Pseudo-code:

text
max_sum = negative_infinity
found_valid = false

for i from 0 to n-1:
    current_subarray_sum = 0
    for j from i to n-1:
        current_subarray_sum += nums[j]
        if abs(nums[i] - nums[j]) == k:
            max_sum = max(max_sum, current_subarray_sum)
            found_valid = true

return found_valid ? max_sum : 0

Why this fails: The time complexity of this approach is $O(N^2)$. Given the constraint nums.length <= 10^5, an $O(N^2)$ solution requires approximately $10^{10}$ operations, which far exceeds the typical limit of $10^8$ operations per second allowed by LeetCode. This will result in a Time Limit Exceeded (TLE) error.

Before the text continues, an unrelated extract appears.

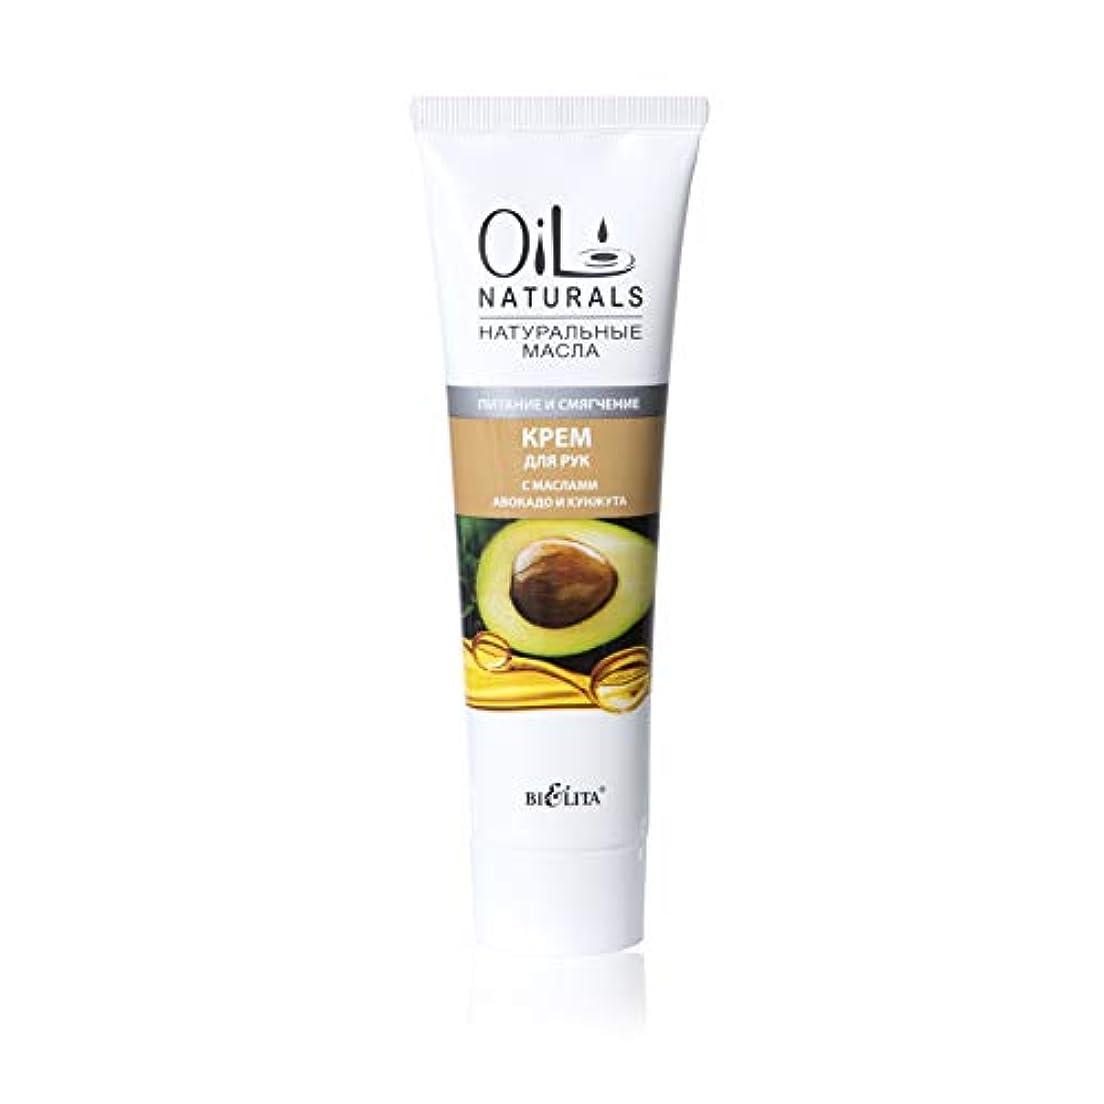 丁寧プラス変換するBielita & Vitex Oil Naturals Line | Nutrition & Softening Hand Cream, 100 ml | Avocado Oil, Silk Proteins, Sesame...
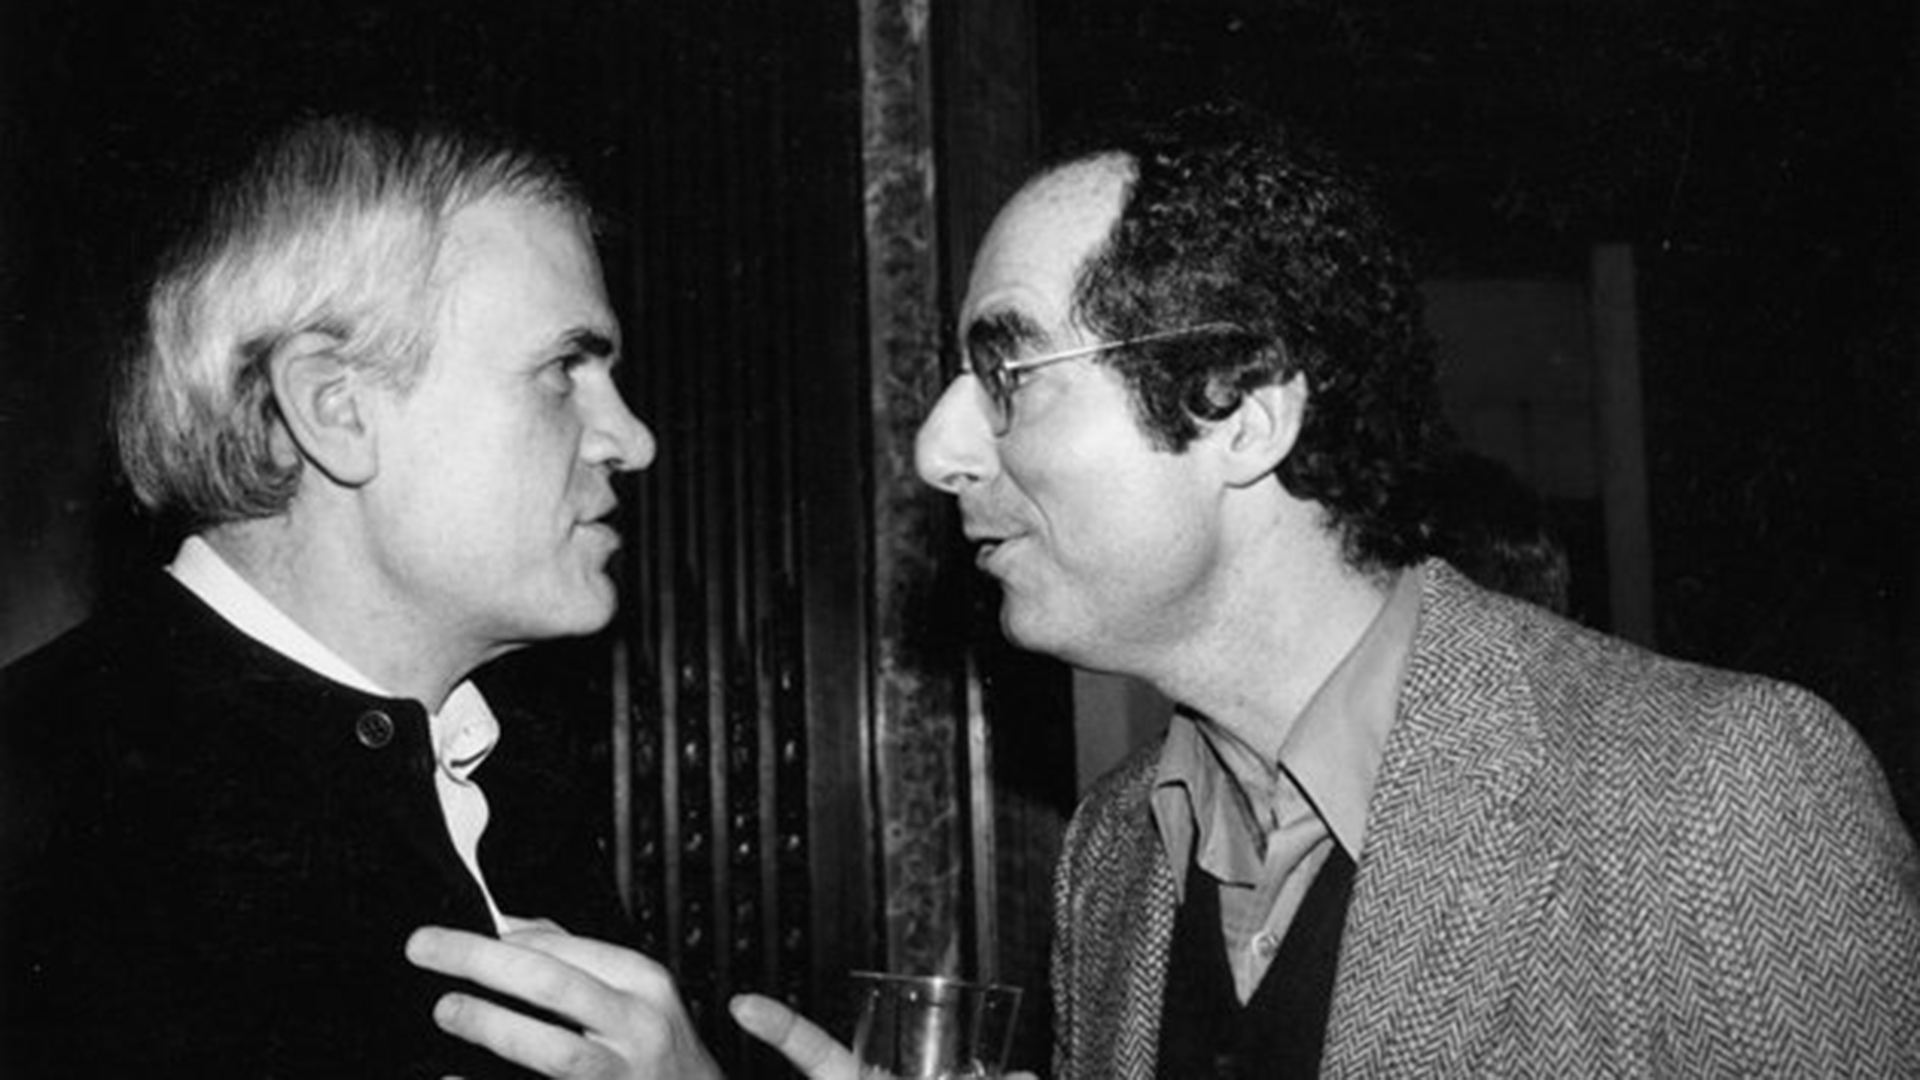 Junto a Milan Kundera, el reconocido escritor checo, con quientuvo una estrecha relación

Core Insight for Maximum Good Subarray Sum

To optimize the brute force approach, we must avoid recalculating sums repeatedly and avoid searching for the left boundary i linearly.

The sum of a subarray nums[i..j] can be expressed using prefix sums: $\text{Sum}(i, j) = \text{PrefixSum}[j] - \text{PrefixSum}[i-1]$

We iterate j from $0$ to $n-1$. For the current element nums[j], we need to find a previous index i such that: $|nums[i] - nums[j]| = k$ This implies nums[i] must be either nums[j] - k or nums[j] + k.

To maximize the total subarray sum, we need to minimize PrefixSum[i-1].

Instead of scanning backwards for i, we can use a Hash Map to store the minimal prefix sum encountered before every unique value x seen so far. As we slide the right boundary j forward, we perform an $O(1)$ lookup in our map to see if a valid nums[i] exists and immediately calculate the potential max sum.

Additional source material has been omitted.